In the wake of the CNPD's order, Tools for Humanity attempted to manage the. Jannick Preiwisch, the Data Protection Officer for the Worldcoin Foundation, issued a statement claiming the organization had "zero tolerance" for underage sign-ups. He asserted that the company was working to address the problem, even suggesting that the reports to the CNPD were the they had heard of the specific complaints. This claim of ignorance stood in.
Tell me about the the 'one-stop-shop' friction: baylda's authority vs. iberian regulators of Worldcoin.
BayLDA (Germany) Investigation (Nov 2022, Dec 2024); Deletion Order Article 60 (Cooperation), Article 58 (Powers) Technical complexity; absence of legal basis for storage; Security flaws (Art 32). AEPD (Spain) Immediate Ban (March 2024) Article 66 (Urgency Procedure) Processing of minors' data; Inability to withdraw consent; High risk to rights. CNPD (Portugal) Temporary Limitation (March 2024) Article 66 (Urgency Procedure) Protection of minors; absence of age verification; Excessive data collection. Regulatory.

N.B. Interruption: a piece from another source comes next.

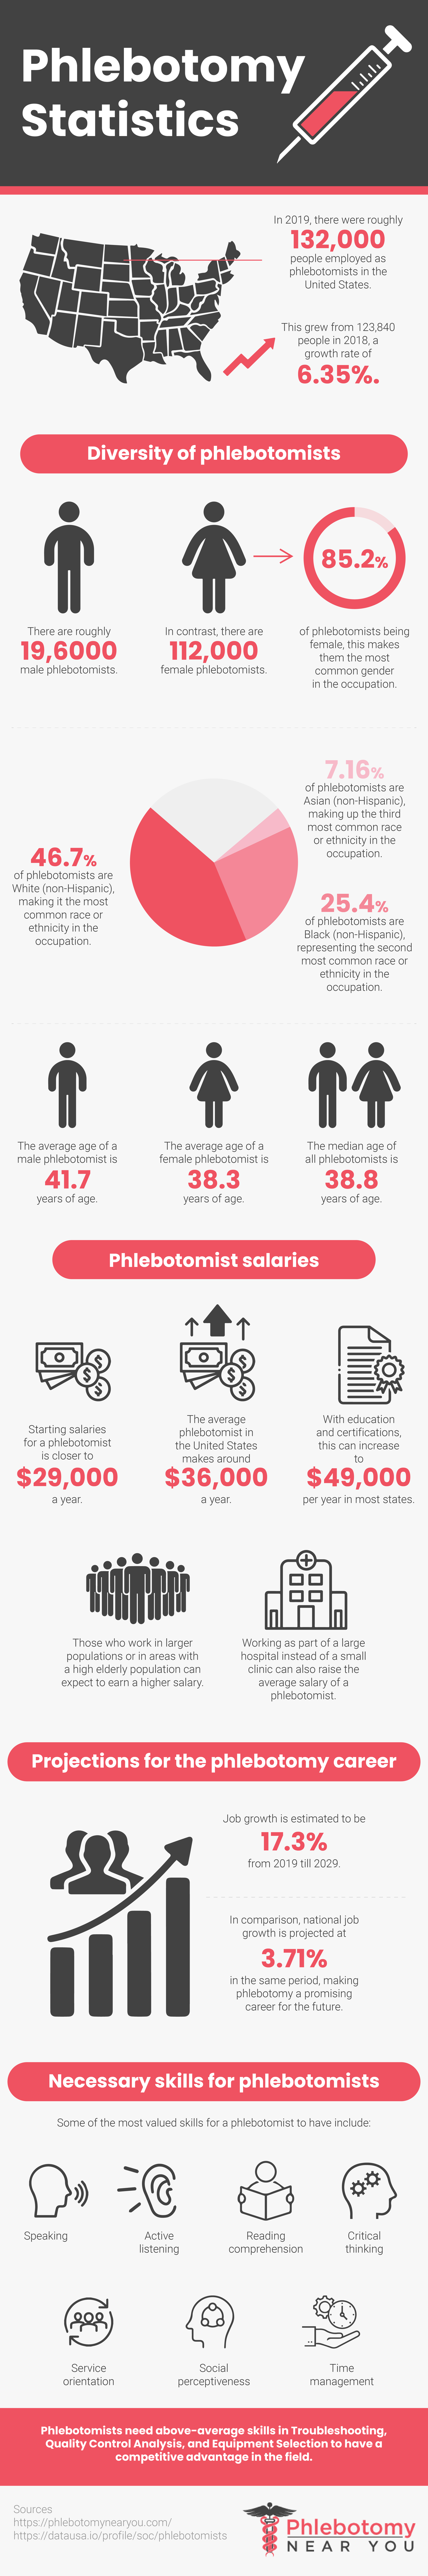 Phlebotomy Statistics

Tell me about the coerced consent? the legality of exchanging iris scans for wld tokens of Worldcoin.
The central method of Worldcoin's expansion—the exchange of high-resolution iris scans for WLD tokens—presents a fundamental conflict with the General Data Protection Regulation (GDPR). While the company frames this transaction as "proof of personhood" rewarded by a share in the network, European regulators view it through the lens of Article 4(11) of the GDPR, which demands that consent be "freely given." The core legal question facing the Agencia Española de.
Tell me about the the economics of "freely given" consent of Worldcoin.
Under GDPR Article 4(11), consent is valid only if it is free, specific, informed, and unambiguous. The European Data Protection Board (EDPB) Guidelines 05/2020 clarify that consent is not free if the data subject has no genuine or free choice or is unable to refuse or withdraw consent without detriment. In the context of Worldcoin, the "detriment" is the forfeiture of WLD tokens, which held significant market value during the.